A heat insulating member (not shown) may be provided on the other surface of the surface to which the heater 108 is attached to the ice tray 102. The heat insulating member can prevent the heat generated by the heater 108 from escaping to the outside of the ice tray 102. In this case, the heat generated by the heater 108 can be transferred to the inside of the ice tray 102.

Here, since the heater 108 is provided in surface contact with the ice tray 102, the area in contact with the ice tray 102 can be widened. In this case, since the heat transfer efficiency from the heater 108 to the ice tray 102 can be increased, it is possible to melt frozen ice on the inner surface of the ice tray 102 with a small amount of heat and a short operation time.

That is, when the heater 108 heats the ice tray 102 to slightly melt frozen ice on the inner peripheral surface of the ice tray 102, the ejector 104 rotates to ice the ice into the ice bank (not shown) . Thereafter, ice-making water is supplied into the ice tray 102 to perform the ice-making process again. At this time, by securing the area where the ice tray 102 is in contact with the cold air in the ice making chamber, the temperature of the ice tray 102 can reach the ice making temperature in a short time, thereby shortening the entire ice making time .

According to the embodiment of the present invention, since the heater 108 is provided in surface contact with the outer circumferential surface of the ice tray 102, the area in contact with the ice tray 102 can be widened, It is possible to increase the efficiency of heat transfer to the ice tray 102 and to freeze the frozen ice on the inner surface of the ice tray 102 with a small amount of heat and a short operation time. The resistance of the heating element 150 can be increased by forming the heating element 150 inside the heater 108 as a heat line arranged in multiple rows and the resistance of the heating element 150 can be increased even if a short- It is possible to prevent the resistance from dropping abruptly.

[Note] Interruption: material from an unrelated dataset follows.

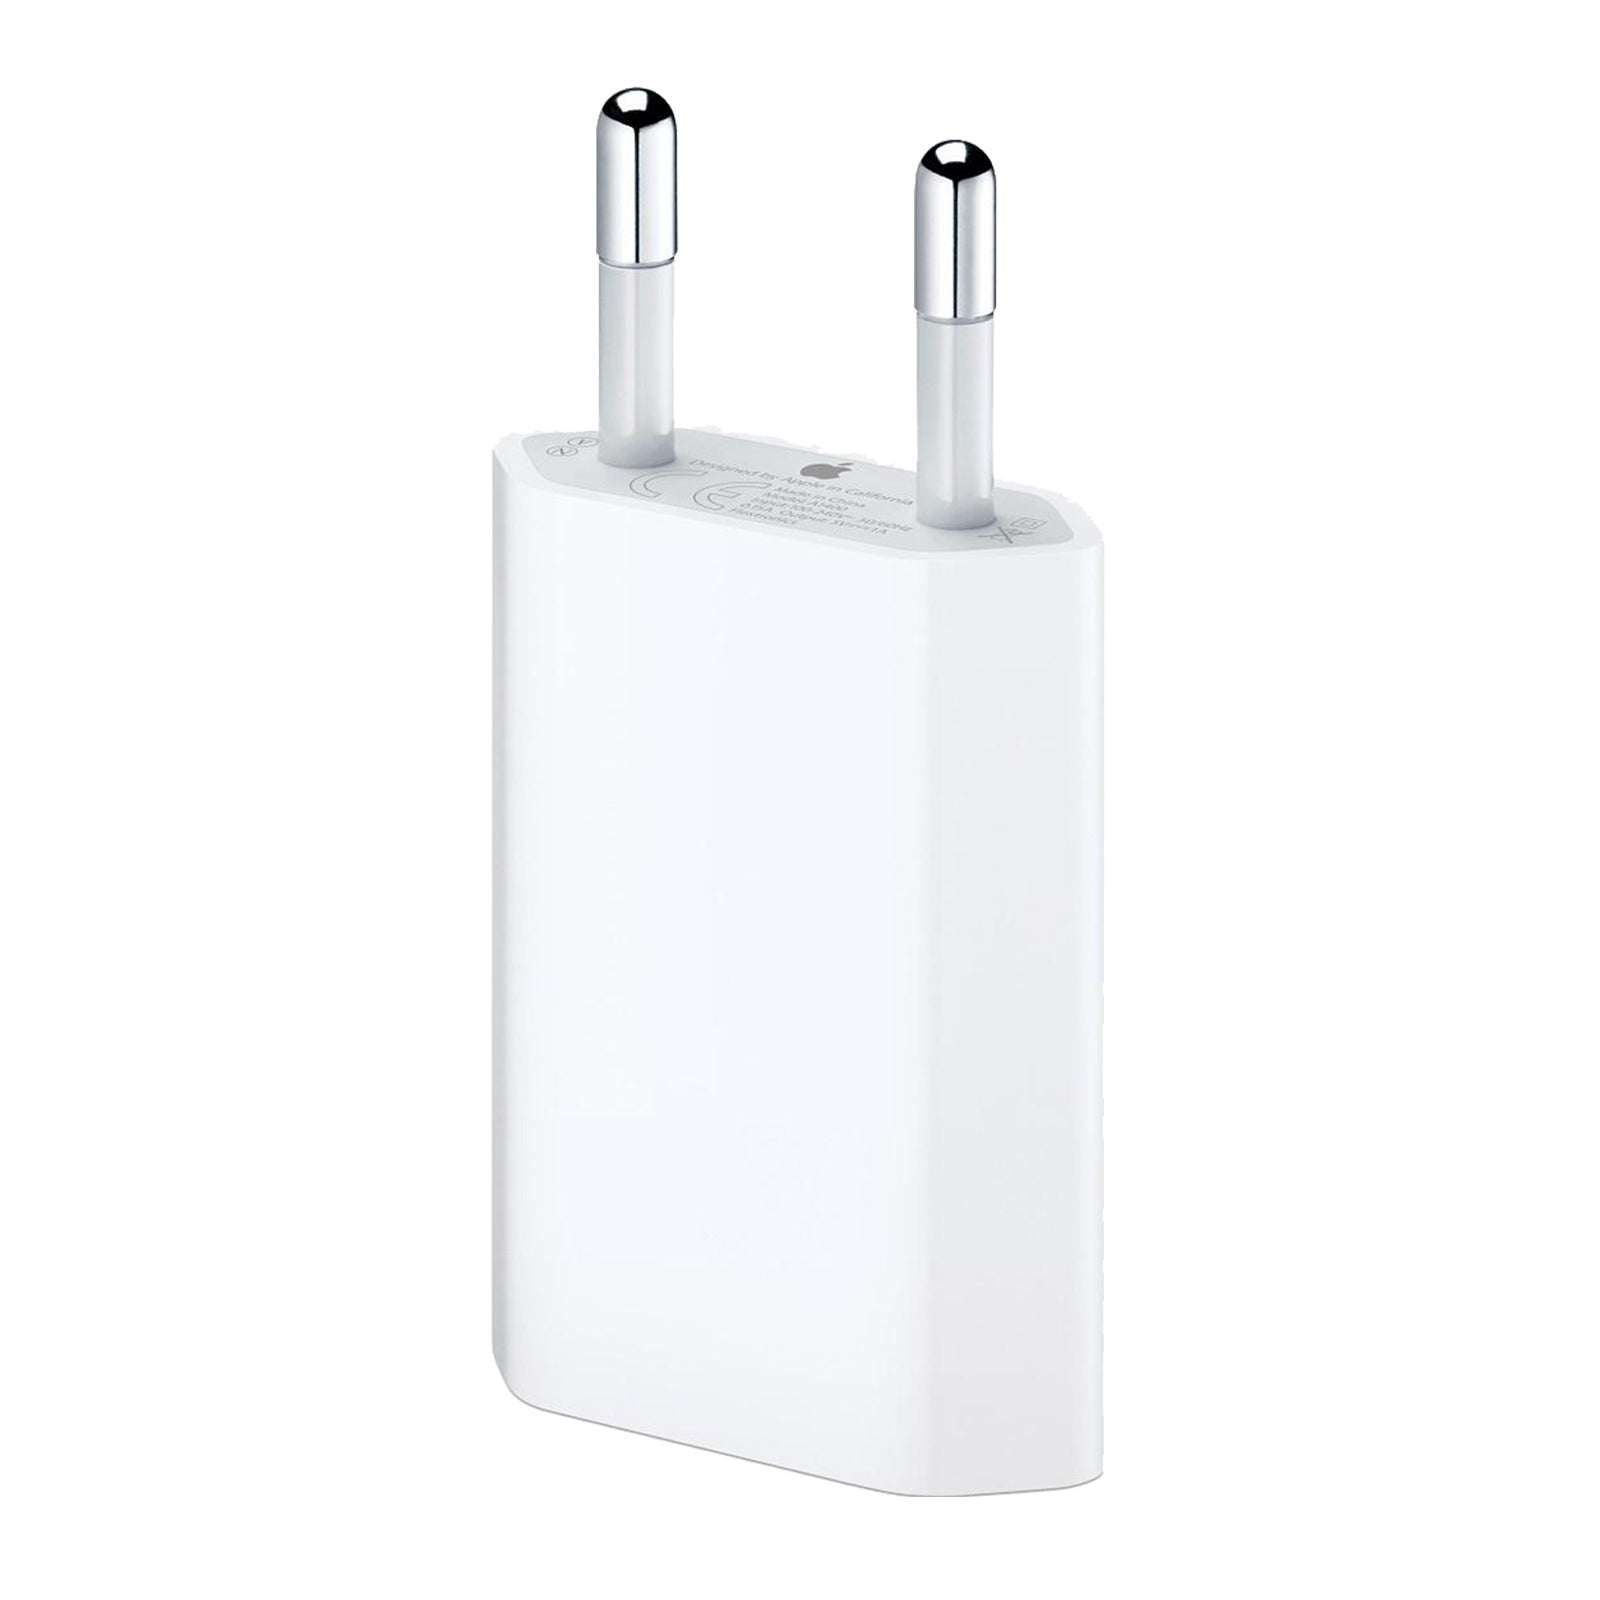 Apple - Adaptateur secteur USB (5W)

4 is a sectional view of the heater 108 according to the first embodiment of the present invention.

4, the heating element 150 is formed of a heating wire made of a metal having a predetermined resistance, and a first insulating member 108-1 and a second insulating member 108- 2 may be disposed to insulate the heating element 150 and the ice tray 102 from each other. 4 shows that the adhesive member 108-3 is disposed on the outer side of the second insulating member 108-2 because it is supposed to be attached to the ice tray 102 on the upper side of the heater 108 However, the arrangement of the adhesive member 108-3 is not limited to this. The adhesive member 108-3 may be provided on the entire outer surface of the first insulating member 108-1 or the second insulating member 108-2, Even if it is provided only on a part of the outer surface of the second insulating member 108-2, the adhesion state between the heater 108 and the ice tray 102 can be maintained.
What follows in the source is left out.